Task item: Copy out exactly the lines beginning with the one that contains "Parlante Portátil Sumergible" and ending at the last line of the listing, skipping any pictures.

Recorded information:
>>>>>

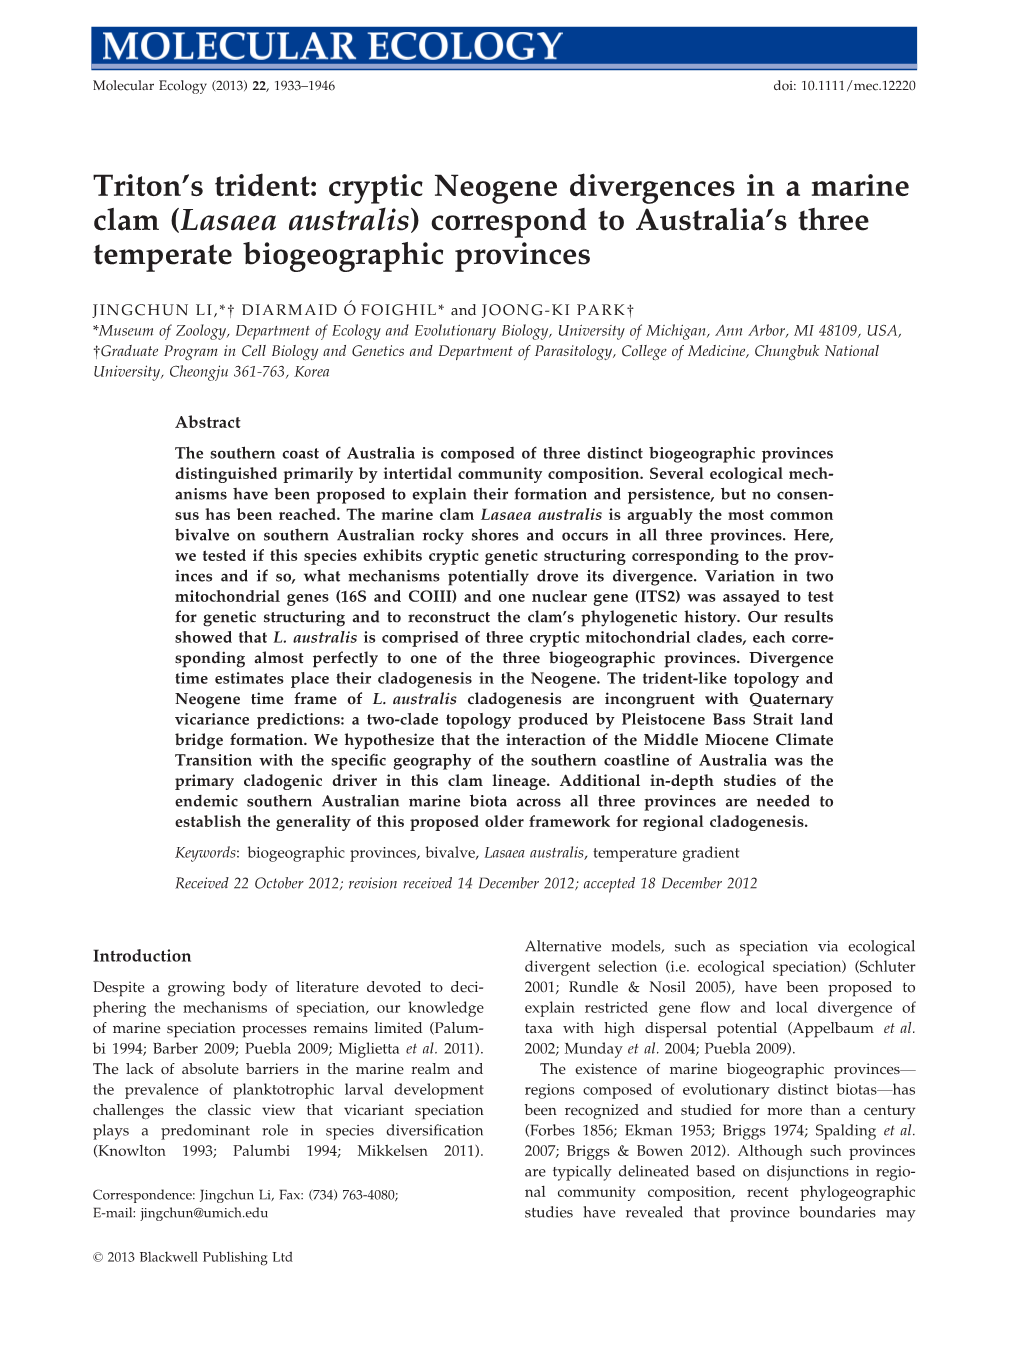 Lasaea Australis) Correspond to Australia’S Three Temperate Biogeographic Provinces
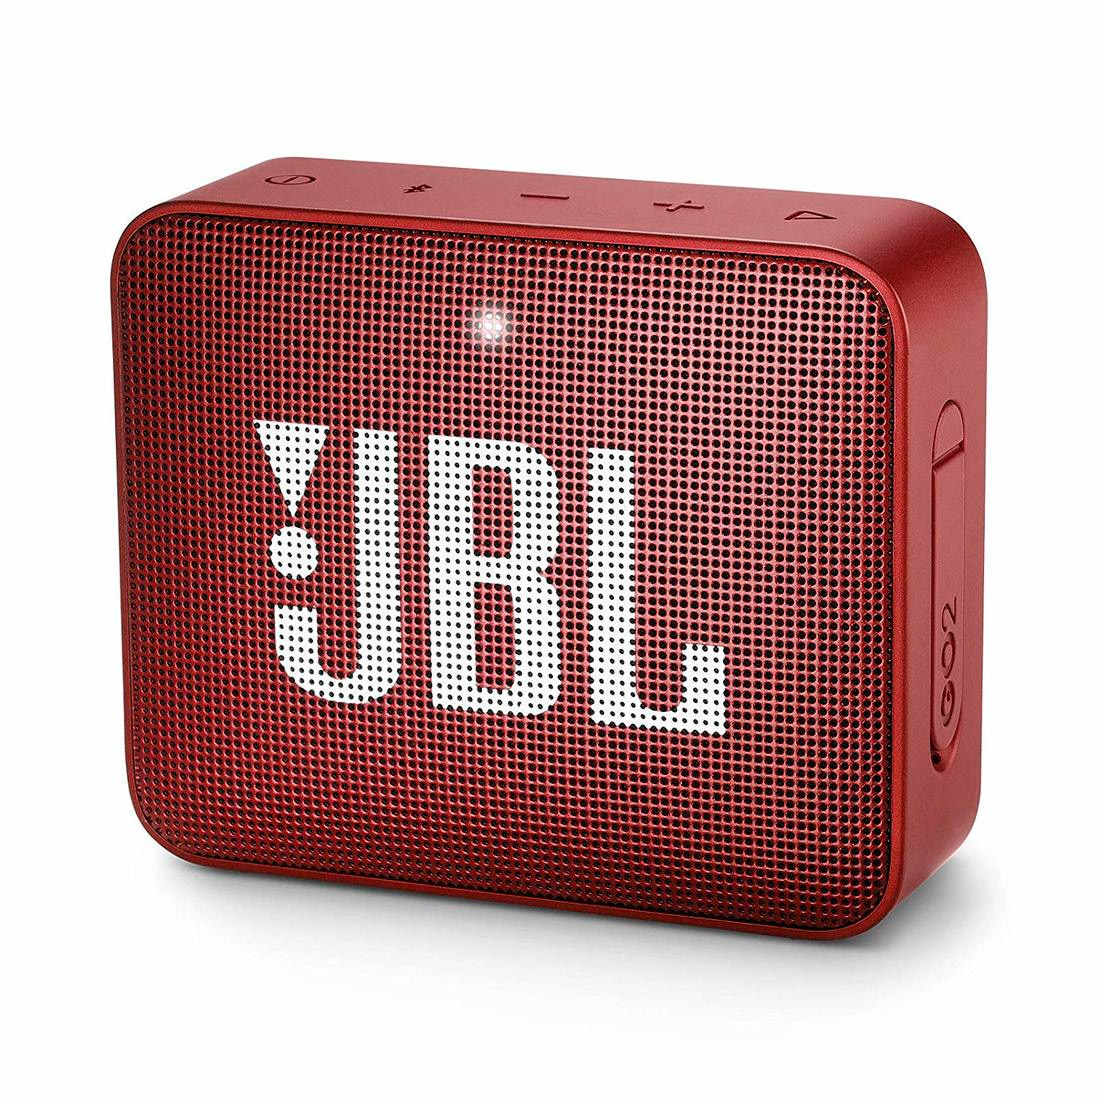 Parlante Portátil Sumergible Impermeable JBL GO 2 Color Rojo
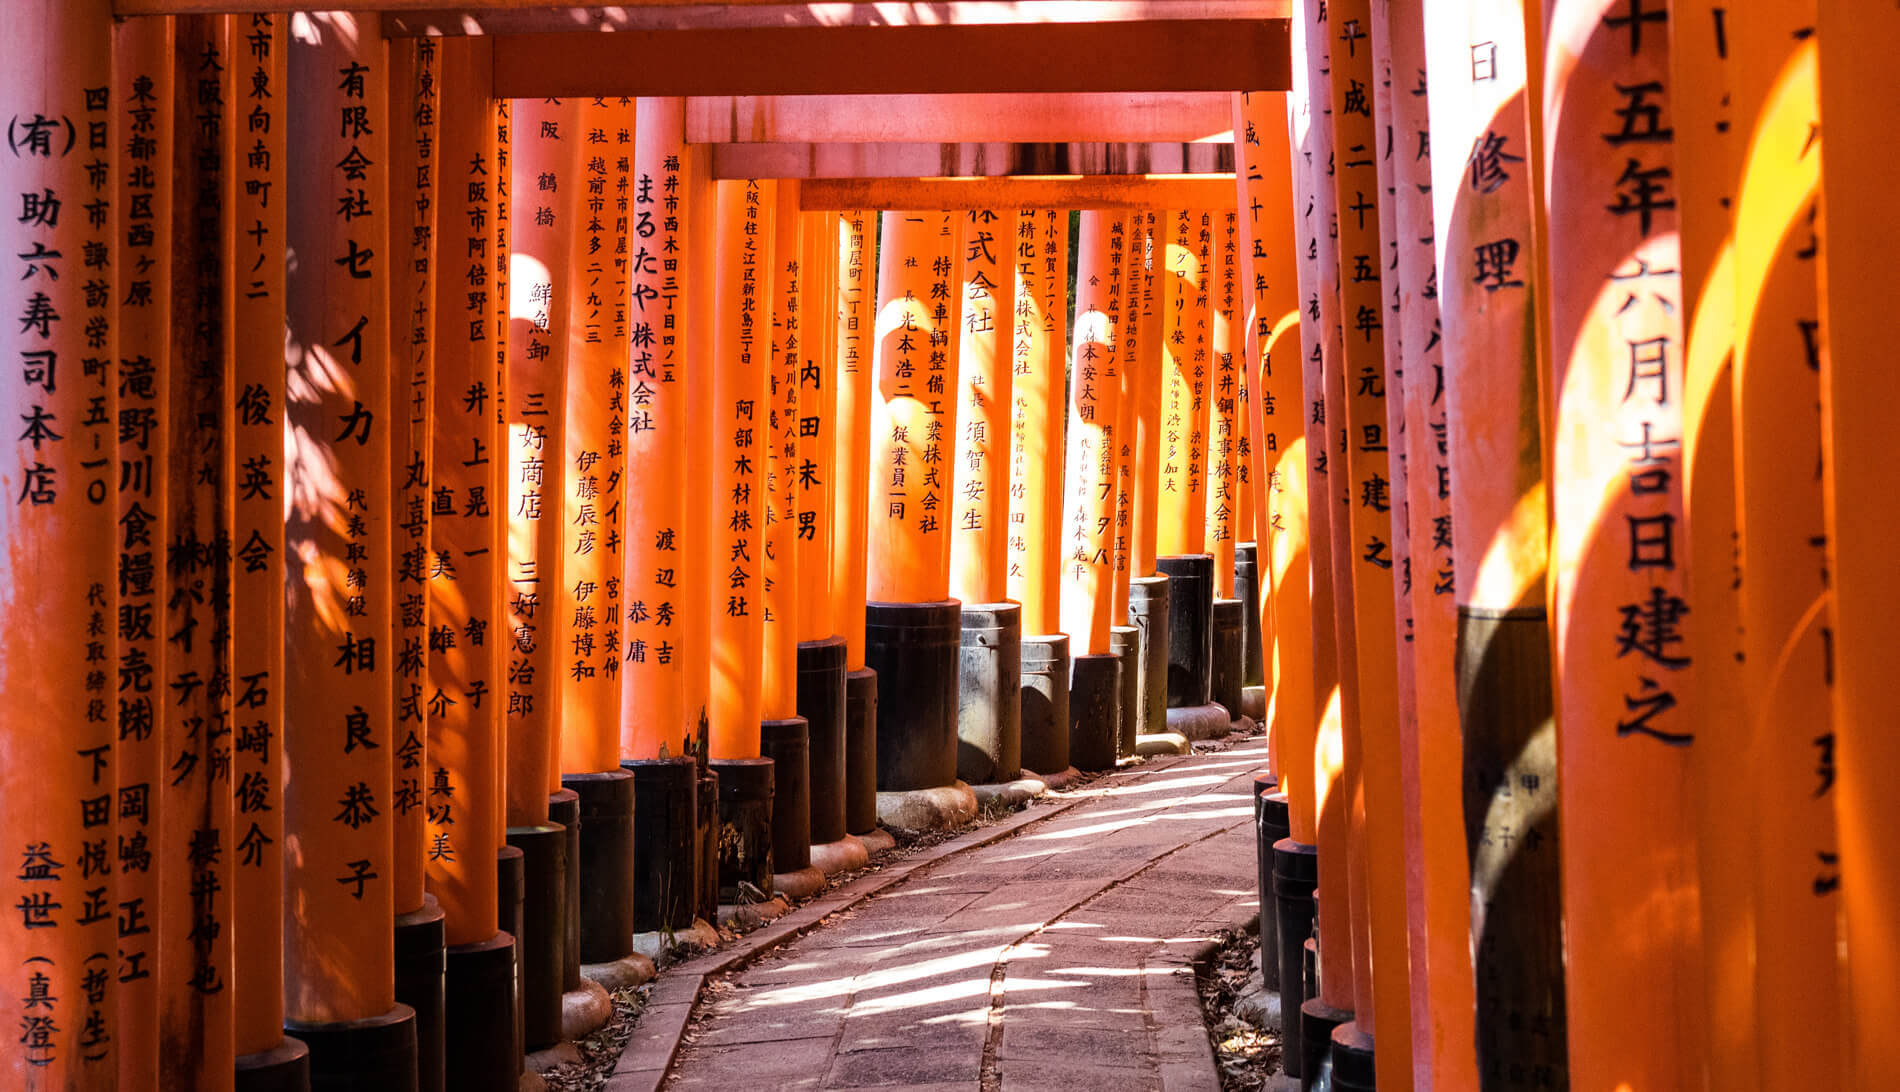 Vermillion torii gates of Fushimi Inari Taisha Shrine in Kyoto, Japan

<<<<<

Answer area:
 Parlante Portátil Sumergible Impermeable JBL GO 2 Color Rojo
 Vermillion torii gates of Fushimi Inari Taisha Shrine in Kyoto, Japan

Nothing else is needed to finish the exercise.